ECLI:NL:OGEABES:2016:7

Gerecht in eerste aanleg van Bonaire, Sint Eustatius en Saba

Datum uitspraak
7 maart 2016
Publicatiedatum
17 maart 2016
Zaaknummer
BBZ nr. 68544 van 2015
Instantie
Gerecht in eerste aanleg van Bonaire, Sint Eustatius en Saba
Type
Uitspraak
Rechtsgebied
Bestuursrecht; Belastingrecht
Procedures
  • Eerste aanleg - enkelvoudig
Rechters
Vindplaatsen
  • Rechtspraak.nl
AI samenvatting door LexboostAutomatisch gegenereerd

Beroep tegen de heffing van verhuurautobelasting door het Openbaar Lichaam Bonaire

In deze zaak heeft het Gerecht in eerste aanleg van Bonaire, Sint Eustatius en Saba op 7 maart 2016 uitspraak gedaan in een geschil tussen X N.V. en het Openbaar Lichaam Bonaire over de heffing van verhuurautobelasting (VAB). X N.V. had op 10 juli 2013 aangifte gedaan van de verschuldigde VAB over de periode april-juni 2013, maar het Openbaar Lichaam had geen uitspraak op het bezwaar gedaan dat X N.V. op 1 augustus 2013 had ingediend. Het Gerecht oordeelde dat het beroep van X N.V. ontvankelijk was, omdat het Openbaar Lichaam niet tijdig had gereageerd op het bezwaar.

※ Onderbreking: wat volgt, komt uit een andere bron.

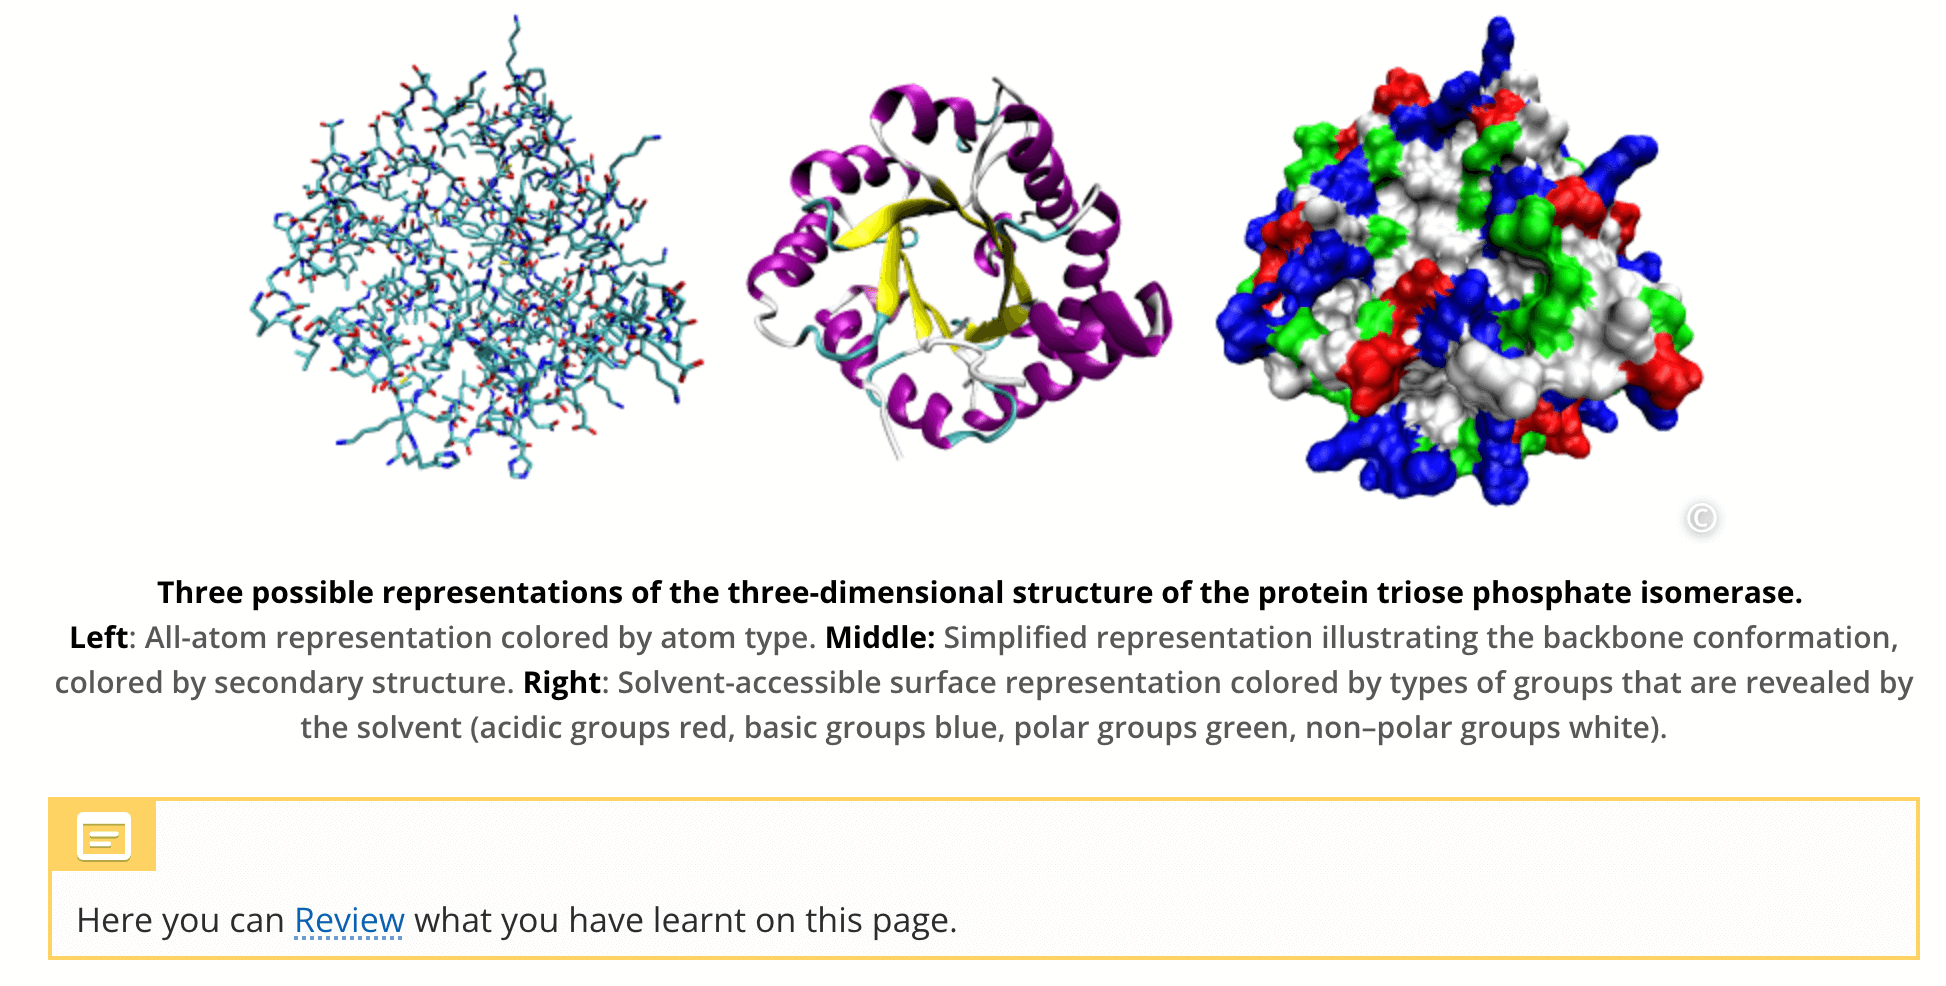 An image in Lt of three possible representations of the three-dimensional structure of the protein triose phosphate isomerase.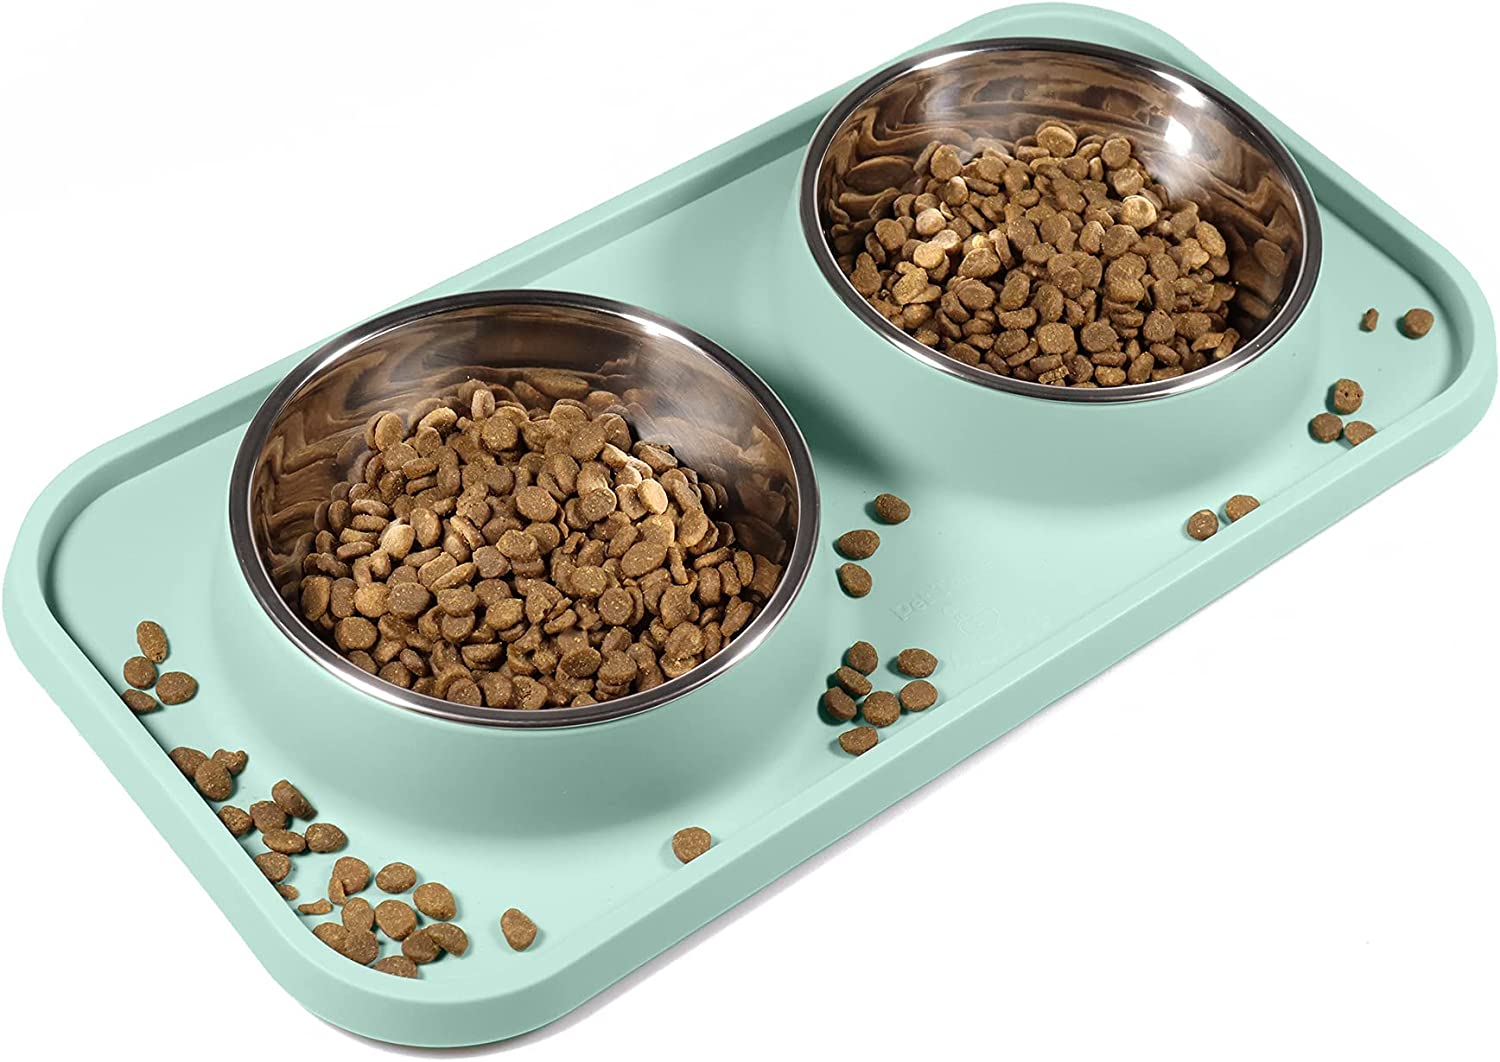 L.d.dog cat food bowls, cat bowls non-skid and non-spill silicone mats with stand, removable stainless steel food and water dishes for cats, small size dogs

De kern van het geschil was of de VAB terecht was geheven, gezien het feit dat X N.V. ook algemene bestedingsbelasting (ABB) had betaald over dezelfde omzet. X N.V. stelde dat er sprake was van dubbele belastingheffing, wat in strijd zou zijn met de wetgeving. Het Gerecht oordeelde echter dat de wetgever het vrijstaat om een dienst op verschillende manieren te belasten, en dat er geen sprake was van een heffing naar inkomen, winst of vermogen, zoals vereist door de Wet Financiën Openbare Lichamen Bonaire, Sint Eustatius en Saba.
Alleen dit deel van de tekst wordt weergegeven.